Choose kind. Every single day. And remember that you deserve kind. Every single day.

pool

Autism Parenting: No Capes, Just Love

Some things along this journey still surprise me. Like when people ask me “where do you hide your cape?”

I usually smile back and make a comment about how under the surface I am one meltdown away from completely losing my mind. I tell them that all parents are superheroes and that in some small way we all have secret magical capes.

But the truth is that there is no cape. There is just a mom. A mom who loves her children fiercely.

A mom on a journey that she does not understand. A mom fighting like hell to be enough. A mom trying to balance a career and a family and a home. A mom chosen for a life that scares her sometimes. A mom that others see smiling through the pain. A mom silently crying in the shower. A mom tired and worn down. A mom digging into every last reserve to take one more step forward.  A mom desperately trying to outrun fear and hopelessness.  To find balance. To try harder. To be better.

There is no cape. No magical powers. No man behind the curtain. Just a mom with a whole lot of love in her hear.

When my son was diagnosed with autism at ago two everything that I thought I knew about life changed. I boxed up all of the certainty and predictability and stored it away on a shelf. From that moment forward I was an autism mom. A parent to a child with a special need. Just another cape-less parent crusader on my own doing the best I could do.

And despite my silent prayers and relentless wishing; there was nothing to guide me along the way. No map. No rule book. No one to whisper in my ear and give me all of the answers.

So I am figuring it out as I go. And it is really hard. So much harder than I ever imagined it would be. And each day it is hard in new ways.

It is surrendering every ounce of control. It is watching your child struggle with things that are easy for other children. It is isolating and lonely. It is saying goodbye to the life you thought you would live. It is learning to embrace the new life.
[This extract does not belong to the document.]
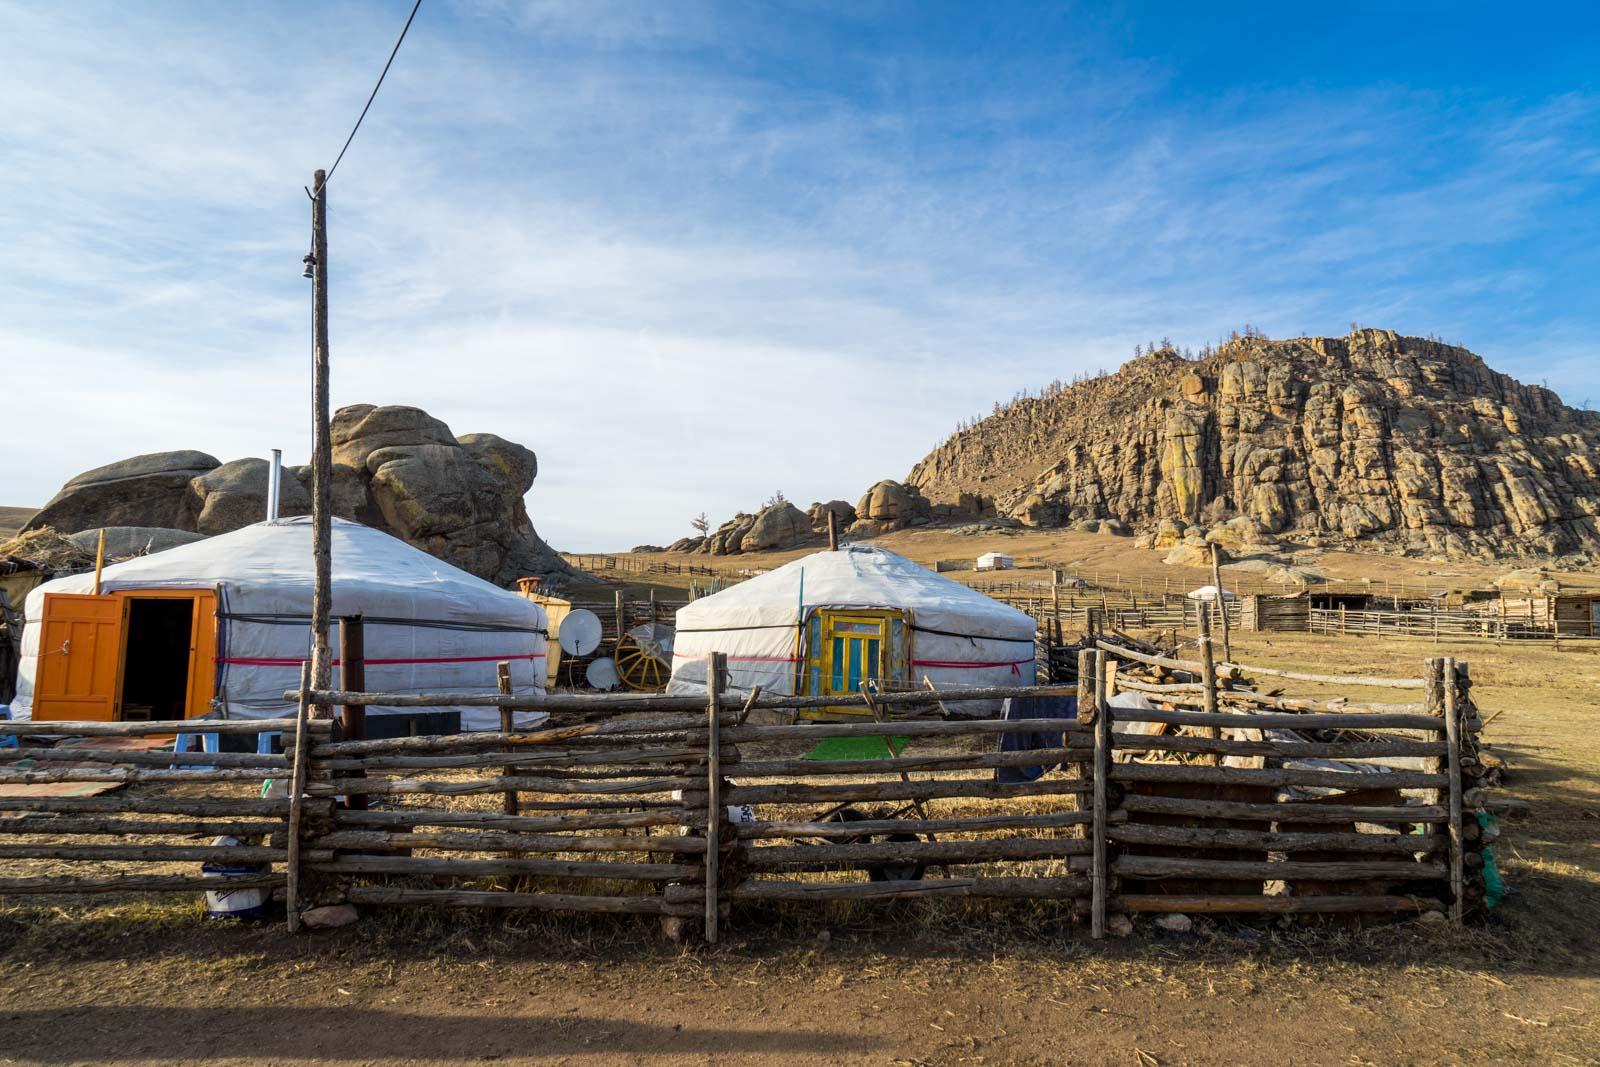 Mongolian nomadic life, visit a ger in Mongolia

It is more patience than you have to give. More deep breaths than you care to give. It is digging in and doing the work. It is loving another person with everything inside of you. It is allowing that love to push you forward. It is watching that love catch fire. It is allowing yourself to be the flame. It is learning to be the fire.

It is somehow all of your worst fears and all of your most precious dreams at the same time.
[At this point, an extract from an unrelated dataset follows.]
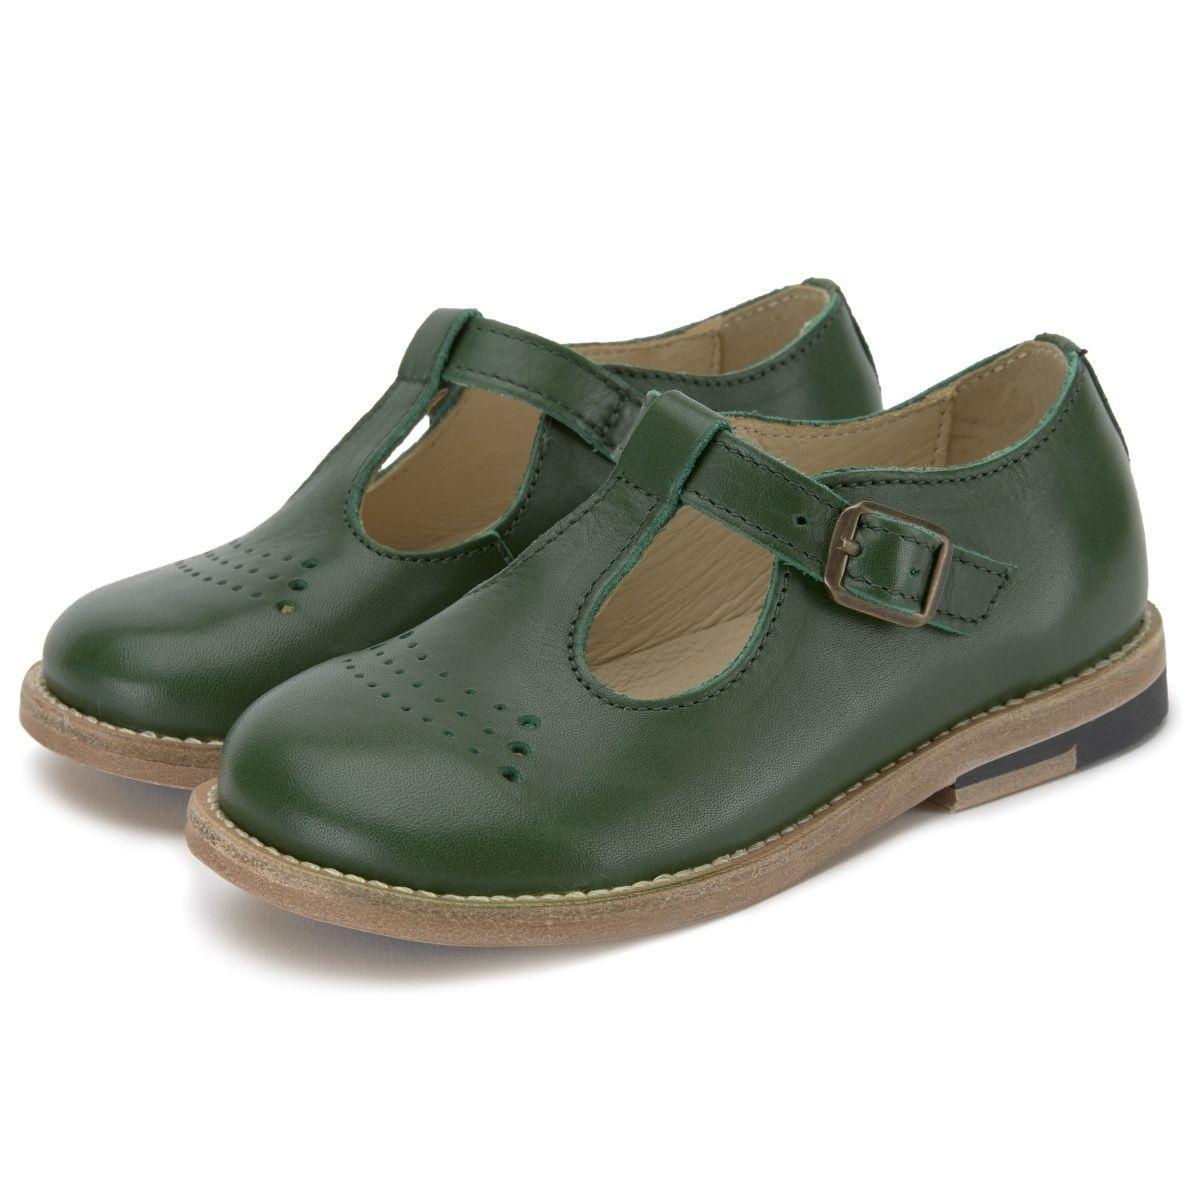 Young Soles Półbuty Dottie Leather zielone

Oh how I wish there was a magical cape. A beacon of hope. A symbol of strength.

At the first sign of a meltdown I would reach for my cape, tie it tightly around my neck and charge ahead with certainty and exuberance. During my son’s routine middle of the night episodes I would lie next to him in my cape and magically lure him into a deep sleep. At the park I would call on the powers of my magical cape to send my son a surge of age-appropriate communication and social prowess. My magical cape would work its magical powers to bring my magical wishes to life.

But you see, the things I seek are not magical things. I do not wish to fly. I do not long for the power to be invisible. I do not need to save the world. 
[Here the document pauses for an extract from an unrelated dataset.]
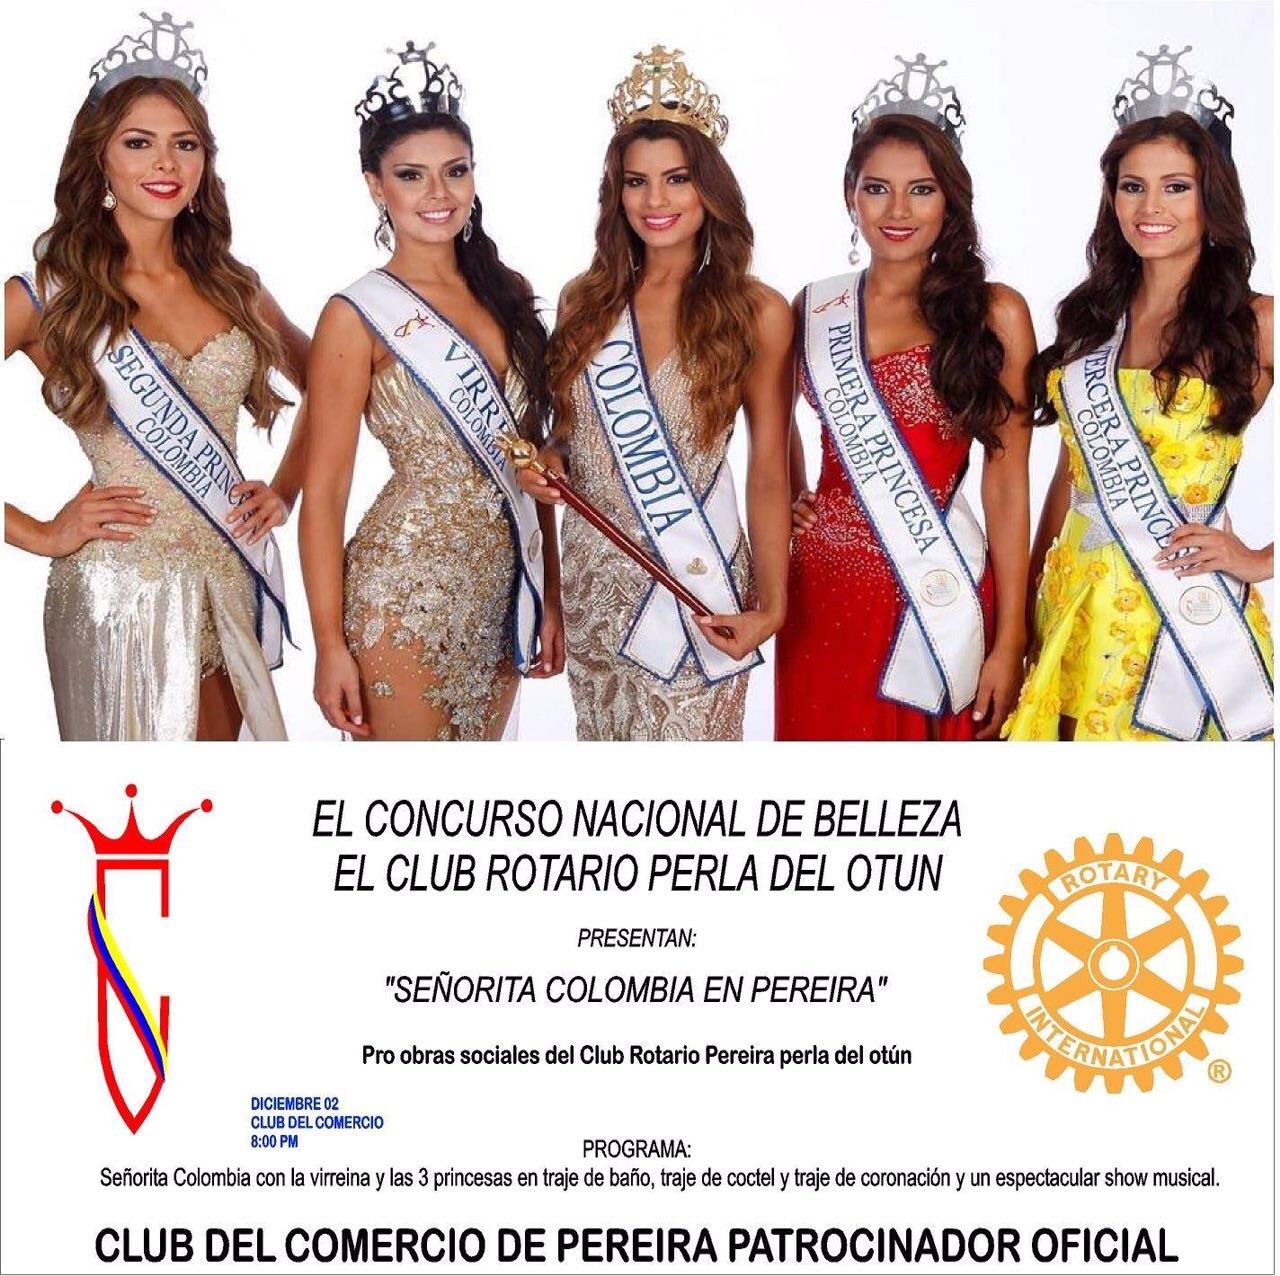 SEÑORITA COLOMBIA EN PEREIRA 2014

Instead of magic and wonder,  I wish for calm. I wish for sleep. I wish for speech. 

And, as a child I never could have predicted those to be my 3 wishes. But then again their are a lot of things about my life that I did not predict.

And here I am. Navigating this journey with no magical cape. No glowing lantern to wish upon. So I had to find my own magic. 

Love.

Parenting a child with autism is hard. For a million different reasons. But the love is so much bigger than the hard every will be. The love is stronger and more steadfast than any fear that fills my head.

When autism barges in and creates a hole in our life; love fills it. When hard work and perseverance are not enough; love finishes it. When we reach the end of our patience and strength; love gives us more.

Love is not perfect, but nothing ever is. The love is enough. It is more than enough. And the love reminds me every single day that I am enough too. I am enough to wake up every day and walk this journey. No magic cape, no super powers. Just a mom. And a whole lot of love.